Although our data suggest that SYVN1 targets SERPINA1E342K/ATZ degradation by the lysosome, the mechanisms by which SYVN1 specifically recognizes SERPINA1E342K/ ATZ and facilitates conversion of insoluble SERPINA1E342K/ATZ to a soluble one are unknown. A recent study shows that ER-resident glycoprotein OS-9 (endoplasmic reticulum lectin) selectively binds to a misfolded mutant SERPINA1/AAT (NHK) through recognizing oligosaccharides on the NHK, then associates with the ER chaperone HSP90B1 (heat-shock protein 90 β family member 1), and interacts with SYVN1 through SEL1L (SEL1L ERAD E3 ligase adaptor subunit), which is required for the degradation of mutant SERPINA1/ AAT.16, 44 Both NHK and SERPINA1E342K/ATZ belong to SERPINA1/AAT variants, they may share some similar mechanisms for SERPINA1E342K/ATZ recognition in the ER. As we known, ubiquitin is a universal degradation signal used for protein disposal via the proteasome and autophagy.45 Because ubiquitin possesses 7 internal lysine residues, polyubiquitin chains are formed as structurally distinct polymers via different linkages, leading to distinct functional outcomes.36, 46 We have previously shown that SYVN1 is capable of mediating SERPINA1E342K/ATZ ubiquitination,29 but the type of polyubiquitin linkage with that SERPINA1E342K/ATZ is modified is not clear. In fact, our results revealed that SERPINA1E342K/ATZ with Lys48-linked polyubiquitin chains might be predominantly targeted for autophagic degradation. These observations depart from the generally accepted opinion that K48-linked polyubiquitin exclusively targets protein to the proteasome-dependent degradation,47-49 whereas K63-linked polyubiquitin is involved in lysosomal degradation.50 Notably, it has been reported that K48-linked ubiquitin-conjugated proteins accumulate when autophagy is impaired.51, 52 Although the UBA domain of SQSTM1 is more likely to bind K63-linked polyubiquitin chains, it also binds to K48-linked polyubiquitin chains.50, 53, 54 More interesting, SYVN1-mediated SERPINA1E342K/ATZ ubiquitination with K48-linked polyubiquitin chains also targets SERPINA1E342K/ATZ for proteasome-dependent degradation. Therefore, K48-linked polyubiquitinated SERPINA1E342K/ATZ may be degraded both through lysosome and proteasome pathways. The precise selectivity and underlying mechanisms for the ubiquitinated SERPINA1E342K/ATZ degradation is worth further exploring in detail.

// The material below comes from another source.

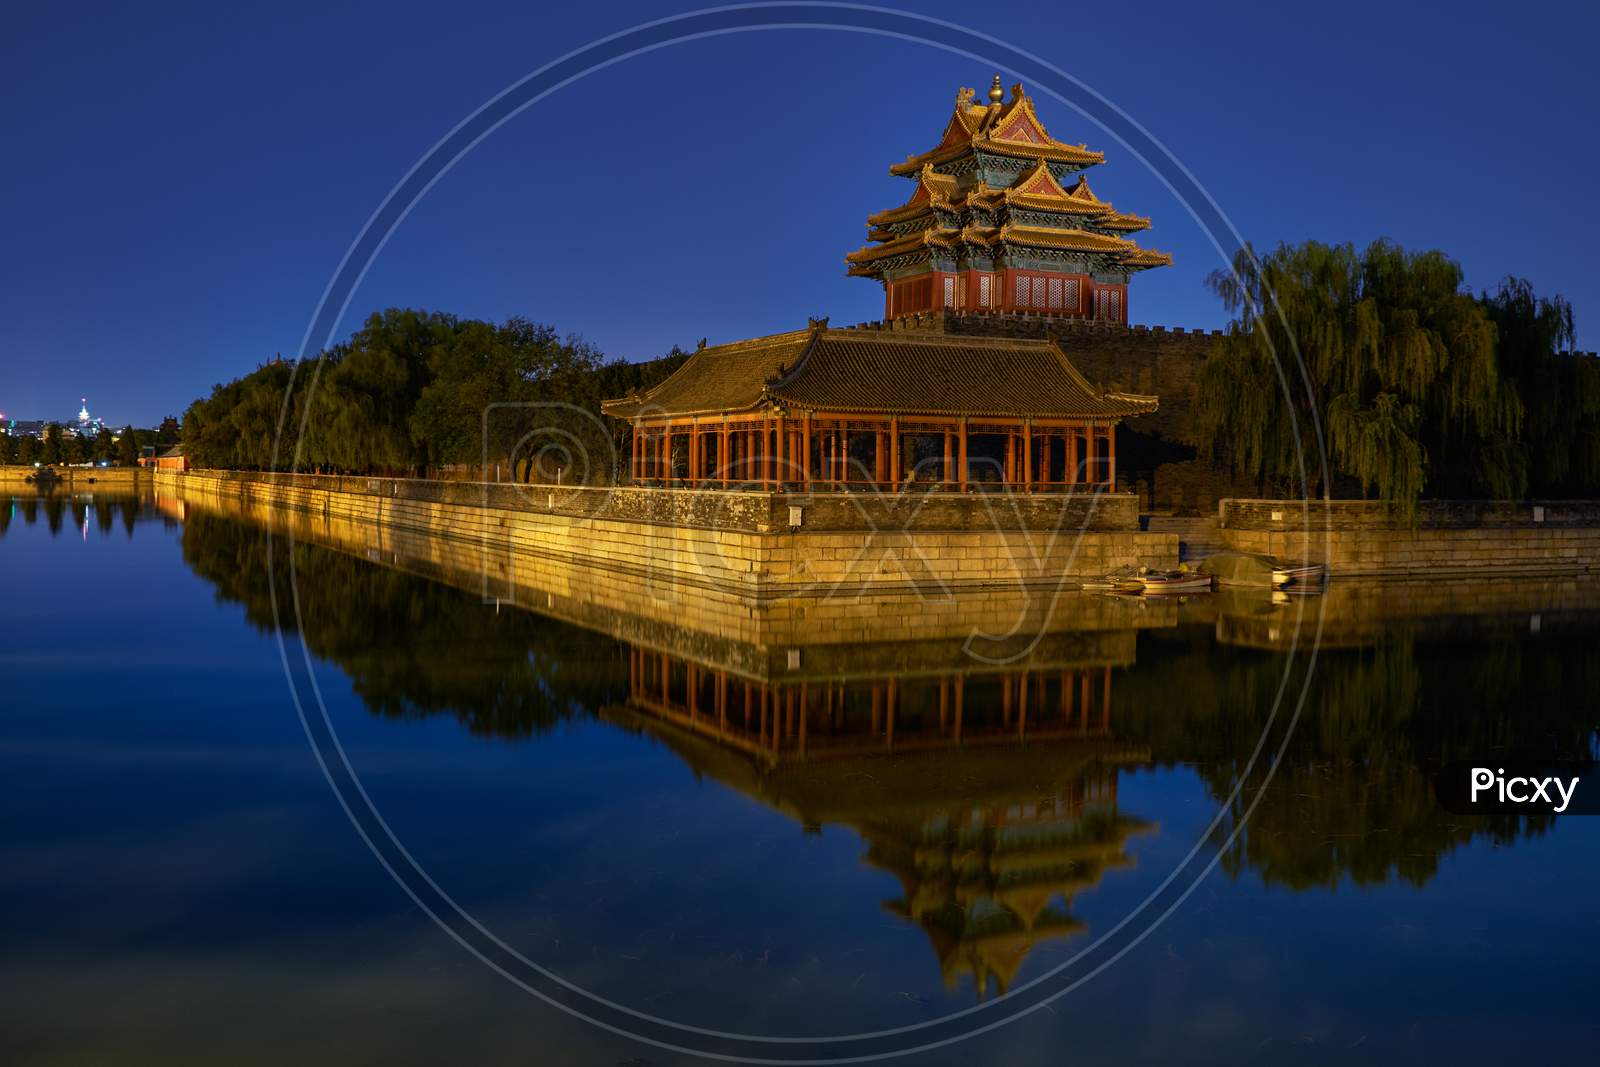 Northwestern Tower Of The Forbidden City Palace Museum In Beijing, China, Reflecting In The Water Moat At Night

Autophagy receptors are known to play pivotal roles in selective autophagy through recruiting and delivering cargo to the phagophore, the precursor to the autophagosome.33, 55 Currently known autophagy receptor proteins include SQSTM1, NBR1, CBL (Cbl proto-oncogene), BNIP3L (BCL2 interacting protein 3 like), STBD1 (starch binding domain 1), OPTN (optineurin), and CALCOCO2 (calcium binding and coiled-coil domain 2).33, 56-60 Among them, SQSTM1 simultaneously binds to polyubiquitinated proteins via its UBA domain and to the phagophore membrane component MAP1LC3B via its LC3-interacting region (LIR).61, 62 In particular, our findings have strongly suggested that SERPINA1E342K/ATZ and SQSTM1 indeed form a complex, which largely depends on SYVN1-mediated SERPINA1E342K/ATZ ubiquitination mainly through K48-linked polyubiquitin chains. In addition, we found that the UBA domain of SQSTM1 interacted with the K48-linked polyubiquitin chains of SERPINA1E342K/ATZ. These findings support that SQSTM1 functions as a cargo receptor to recruit SYVN1-mediated K48-linked polyubiquitination of SERPINA1E342K/ATZ to autophagosomes. In light of the central role of SQSTM1 in organizing the autophagosome followed by autophagic degradation, it is conceivable that the SERPINA1E342K/ATZ-SQSTM1 interaction could prominently augment the recruitment of SERPINA1E342K/ATZ to the autophagy receptors before targeting to autophagosome in vivo. However, whether and how other autophagy receptors actually form complexes and are involved in this process is worth further study.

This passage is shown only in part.